I am not on Cyclogest as I had a rough time with it on my first cycle, I am on Gestone injections.

Renata, I am sorry I can't answer your question but I am sure someone will come along shortly to let you know.

Hope, try hard to stay positive, its not over yet. If you look around the boards there are lots of stories of people getting a bfp after red/pink discharge or even bleeds.

Eesha, I had those grumpy pants all weekend lol Did your delivery eventually arrive? And how was the Kings Speech?
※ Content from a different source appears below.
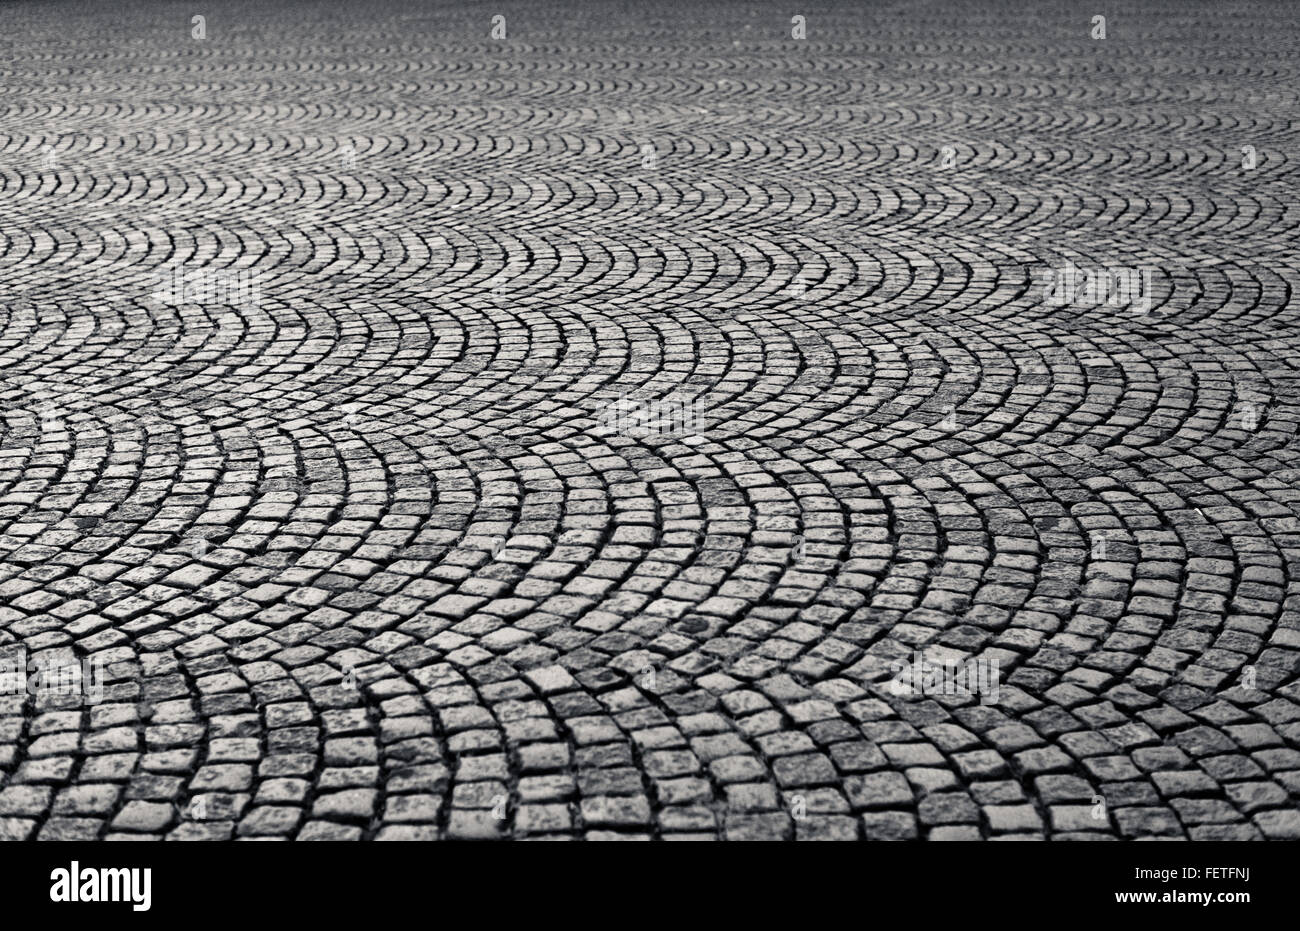 Close Up Of Cobblestone Square - Stock Image

How are we all doing today?

I have just looked on the Due Date calculator on the main page and it says today is the 1st day a hpt test should work so getting very tempted to test early. I really can't do it without DH knowledge and he is 100% set on waiting till Saturday.


----------



## J9L (Jan 19, 2011)

Josiejo

I would defo wait until test date, I drove myself crazy keep testing. 

j xx


----------



## lucyloo12 (Sep 15, 2009)

Hi girls,

Josiejo - Shame about your teacher not being so good   Mine was similar!  OH well.  Hope you're project goes well (I did 'moving water' for mine, it wasn't great!)  I still love photography and do lots   I can tell you darne't do the test til DH is around and the the OTD.  Stay strong! xxxx

I went out to do a few errands earlier and walked past 3 chemist and stalled outside each and every one, thinking 'I wonder if they sell digital tests'...then I remembered my resolve and walked on.  It's getting so hard now though.
Looking forward to having a couple of days away - off to Wales with Mum and my twins til Saturday, should really help time fly by.

Shall re-do the test date list later.

J9L - I guess you haven't had the miracle good news today?  I'm sorry honey xxxx Next time 

Love to all xxxx


----------



## J9L (Jan 19, 2011)

Hi all

Lucyloo- I have to wait until 4pm to ring clinic for official result but she said the home tests are pretty accurate and that will more than likely be the end result. 4pm can't come soon enough I tell you. Even though I know the outcome. 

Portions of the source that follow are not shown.